- Goal of the exercise
Before printing the listing, strip out its pictures and keep everything else exact.

- Given material

################

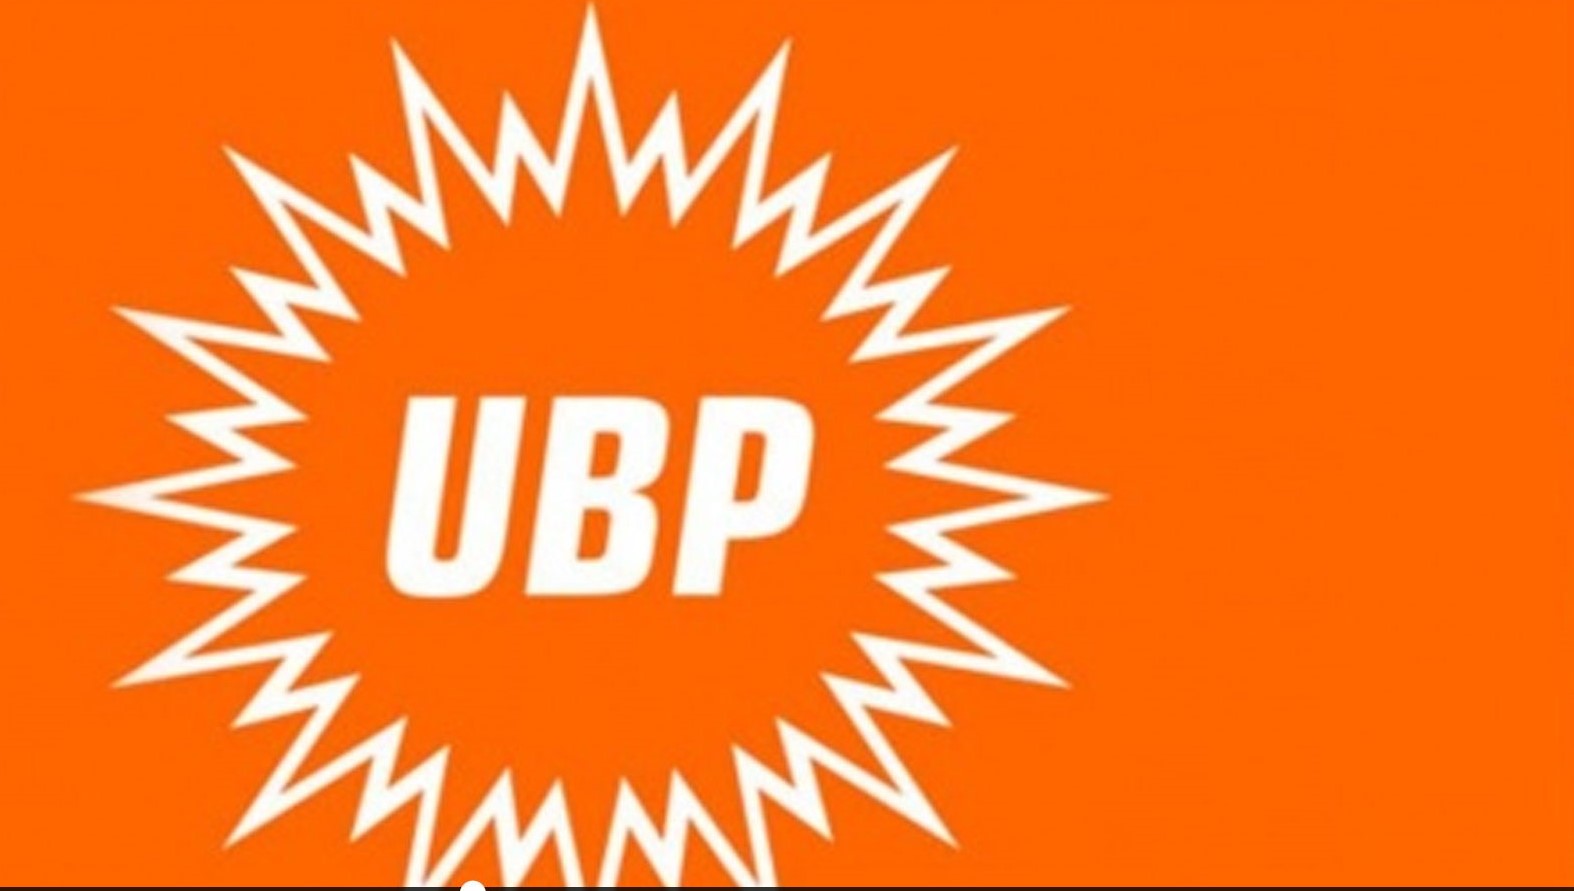 UBP Merkez Yönetim Kurulu toplandı..Lefkoşa İlçe Başkanlığı’na Ahmet Savaşan  görevlendirildi
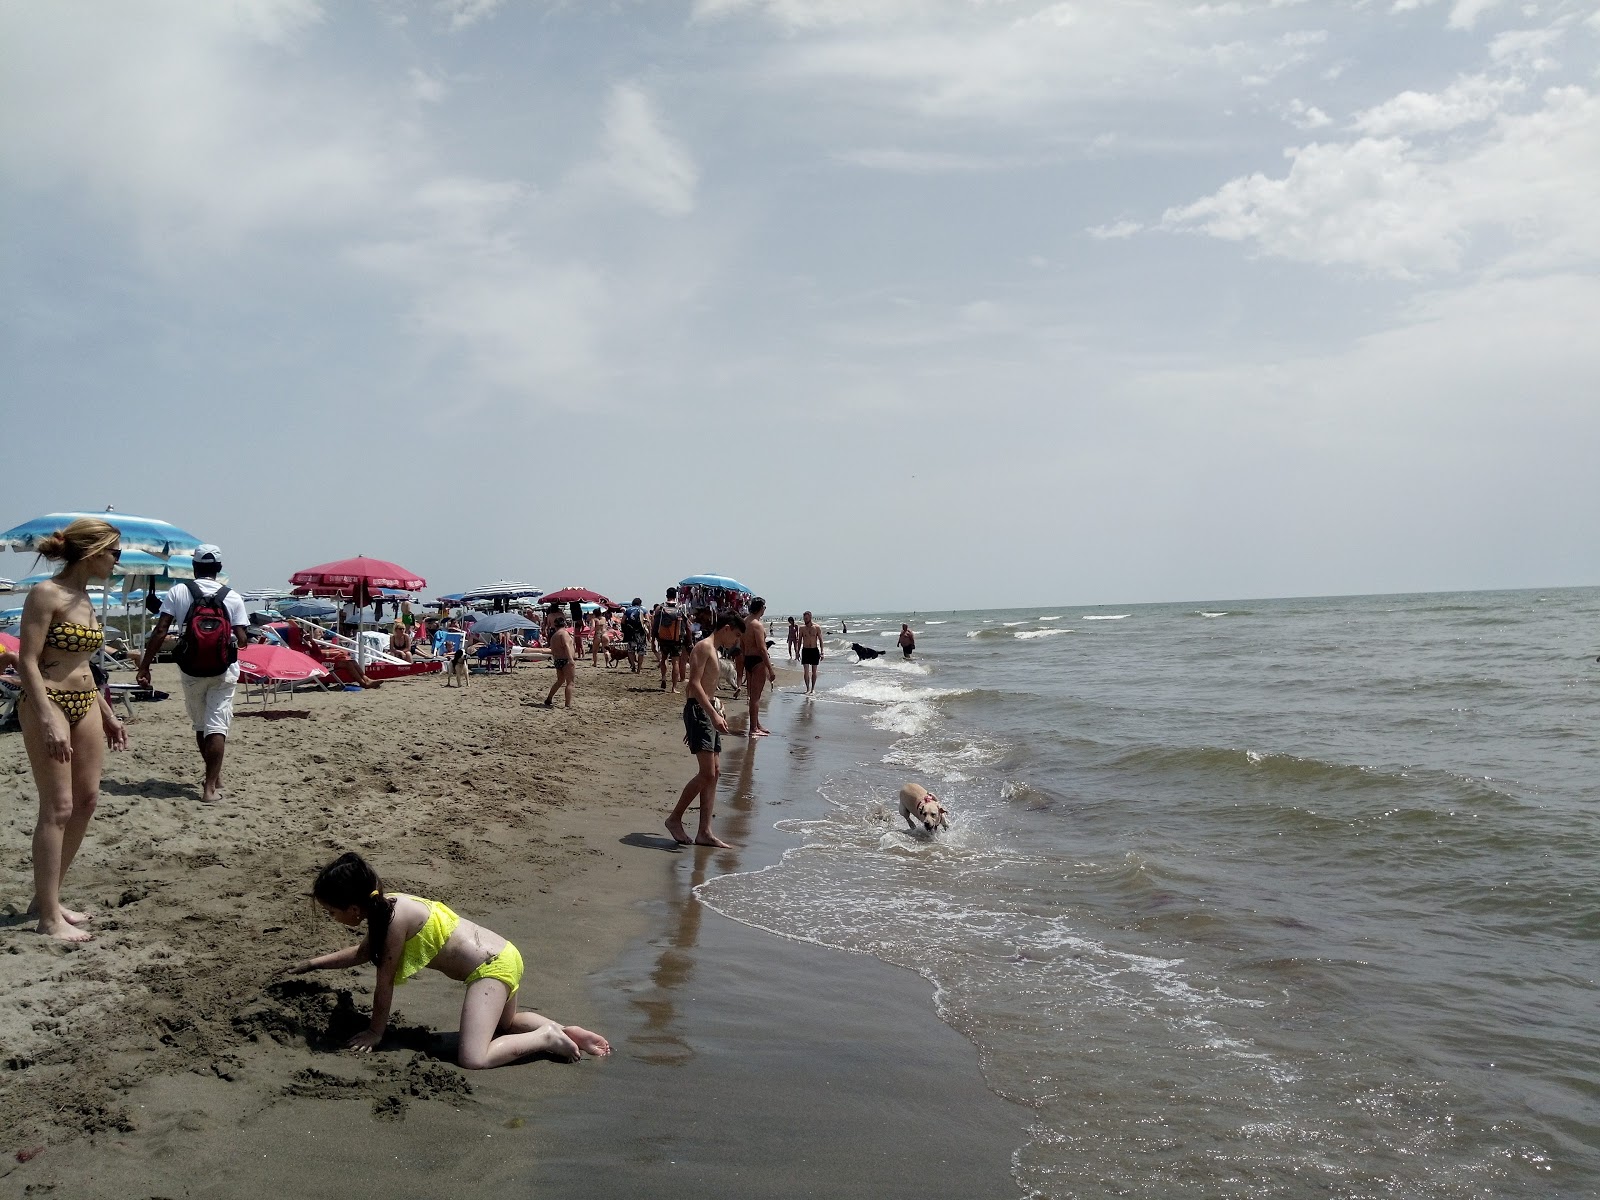 Bocca di Leone beach'in fotoğrafı plaj tatil beldesi alanı
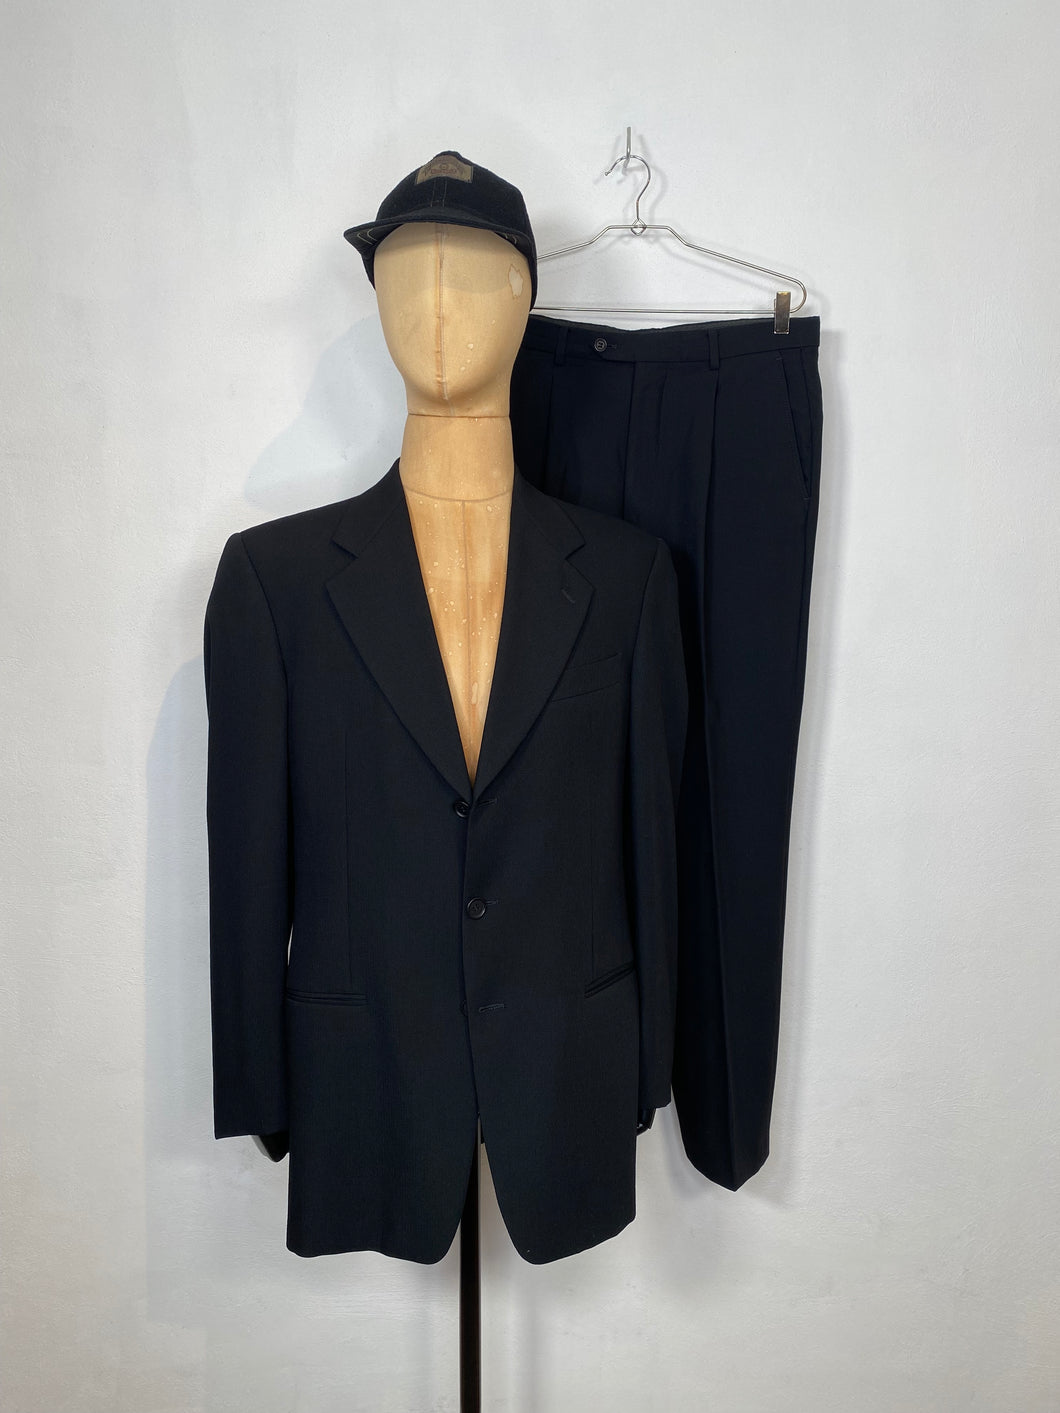 1982 Giorgio Armani LeCollezioni single breast suit dark
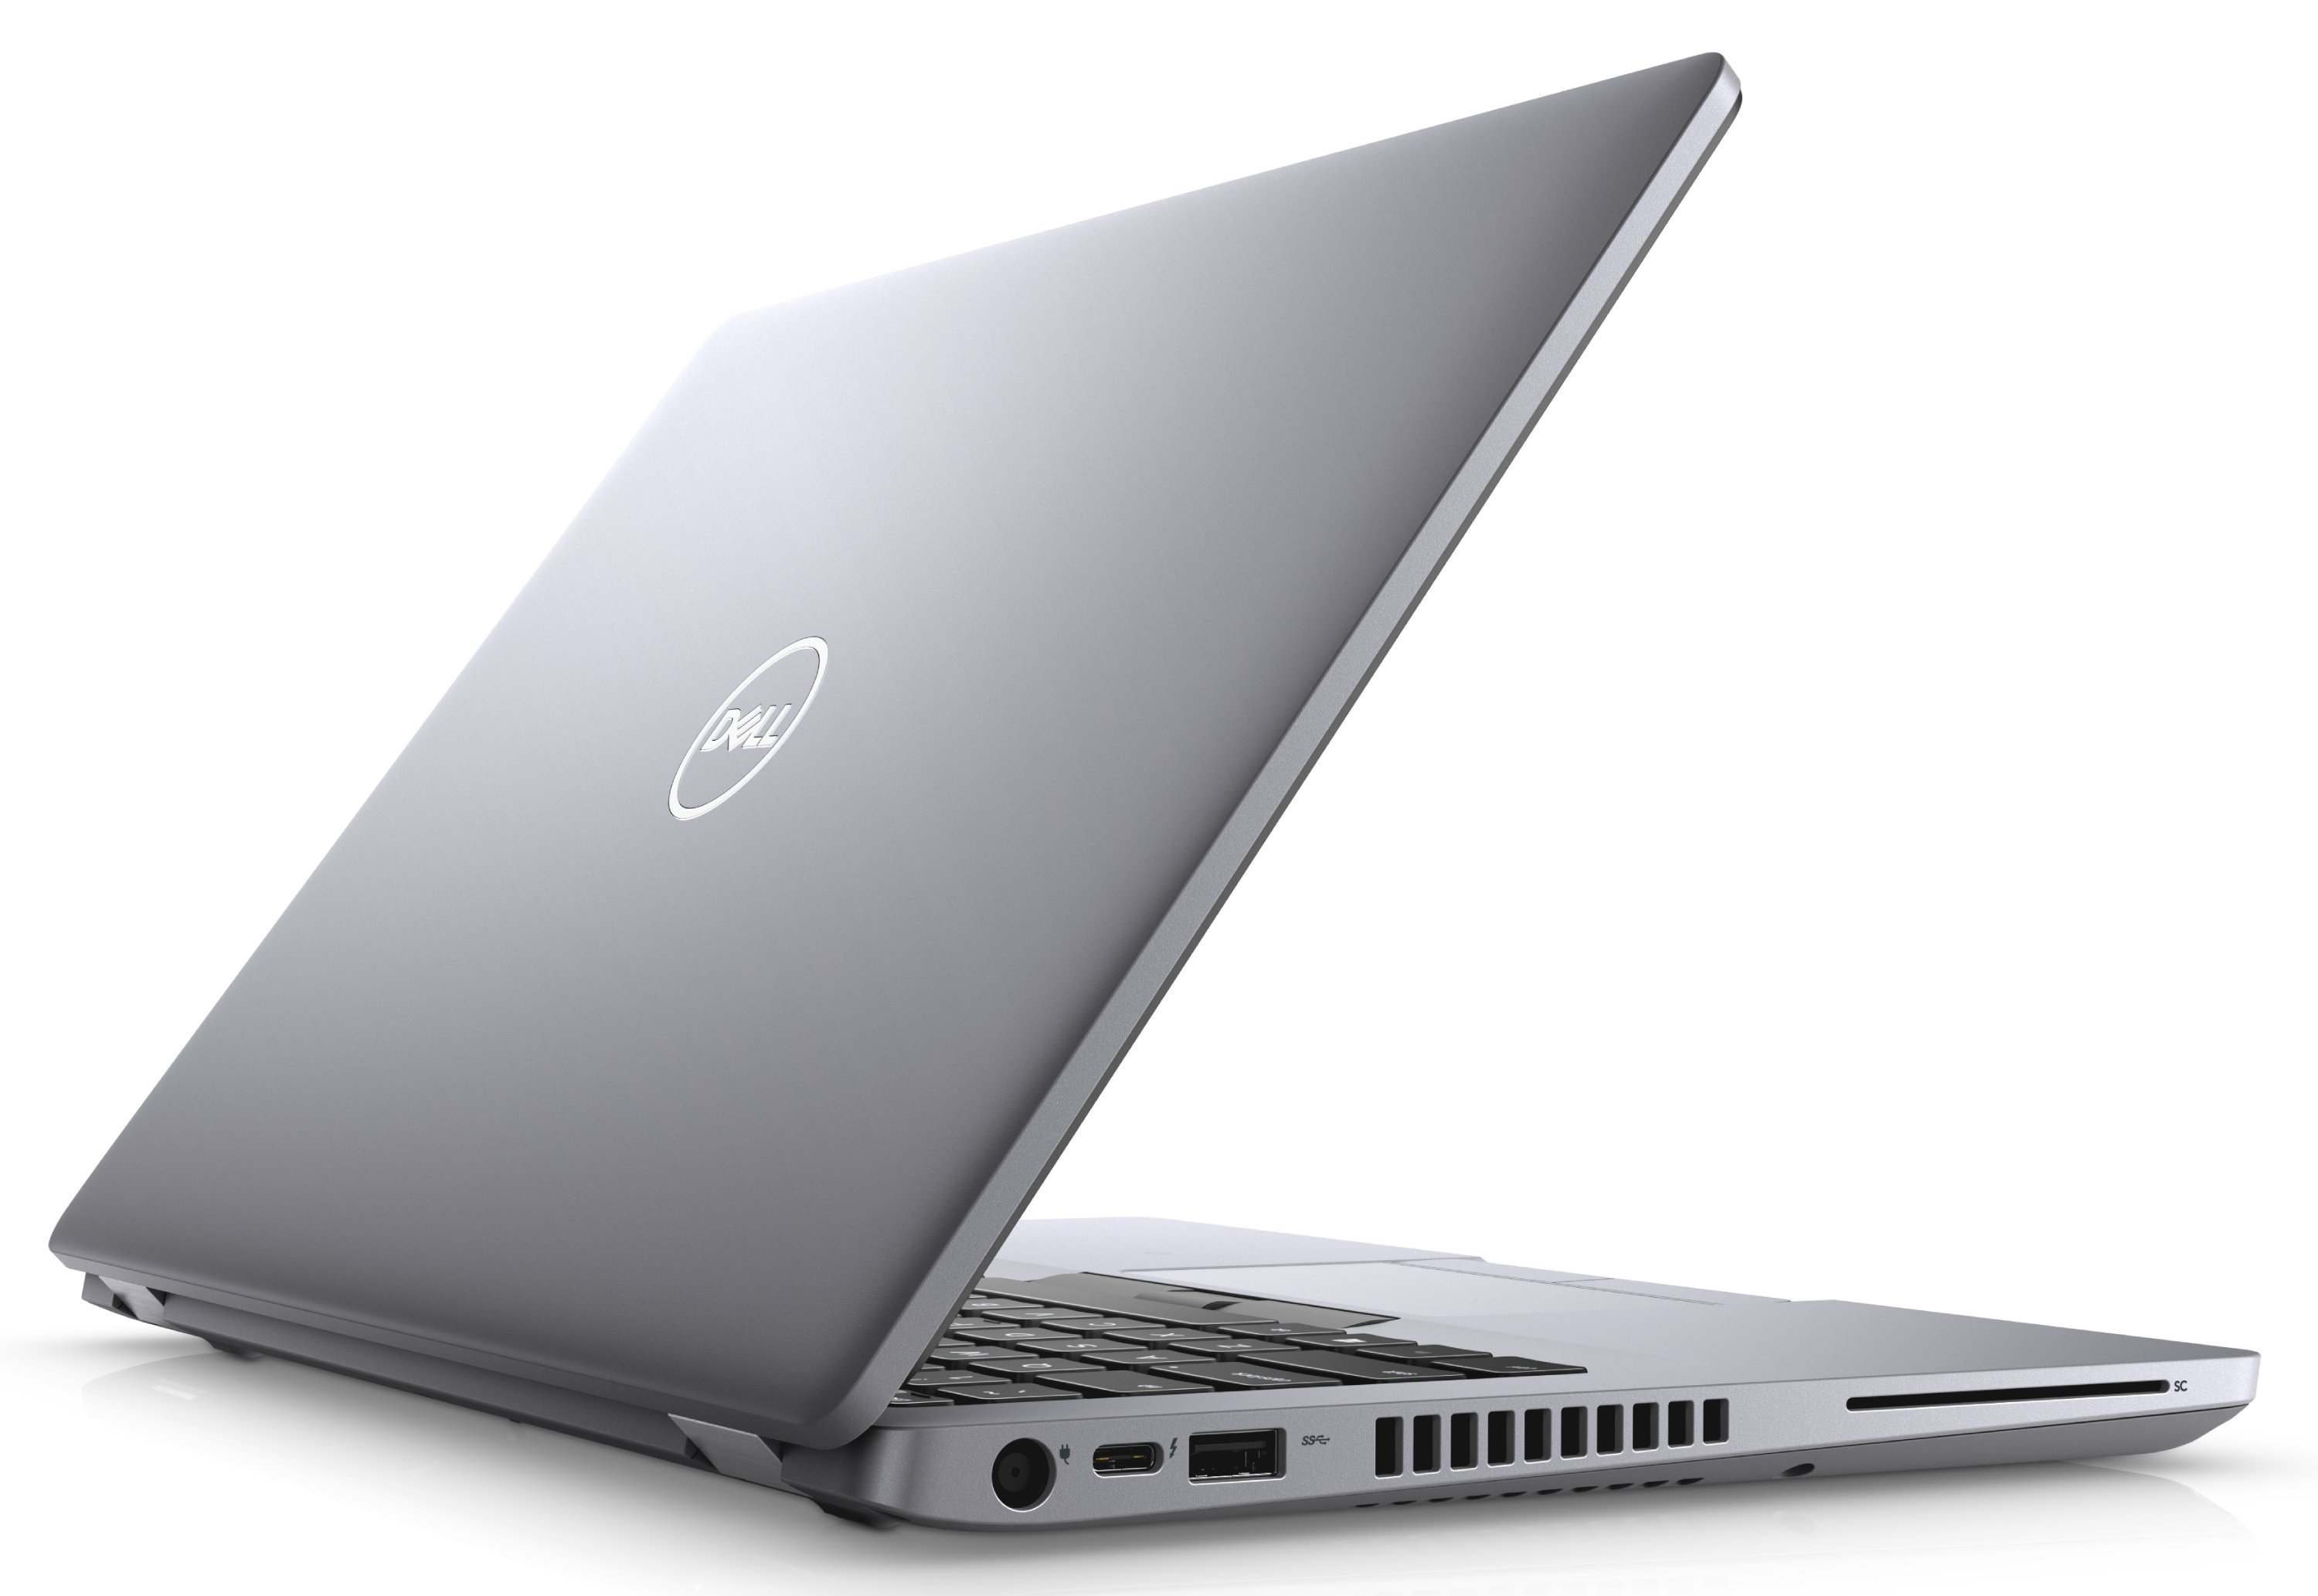 Ноутбук Dell Latitude 5410 Core i5-10210U (1,6GHz) 14,0" FullHD WVA Antiglare 8GB (1x8GB) DDR4 256GB SSD Intel UHD 620 TPM 4 cell (68Whr) W10 Pro 3y NBD gray-39134

################

- Exercise solution
 UBP Merkez Yönetim Kurulu toplandı..Lefkoşa İlçe Başkanlığı’na Ahmet Savaşan  görevlendirildi
 Bocca di Leone beach'in fotoğrafı plaj tatil beldesi alanı
 1982 Giorgio Armani LeCollezioni single breast suit dark
 Ноутбук Dell Latitude 5410 Core i5-10210U (1,6GHz) 14,0" FullHD WVA Antiglare 8GB (1x8GB) DDR4 256GB SSD Intel UHD 620 TPM 4 cell (68Whr) W10 Pro 3y NBD gray-39134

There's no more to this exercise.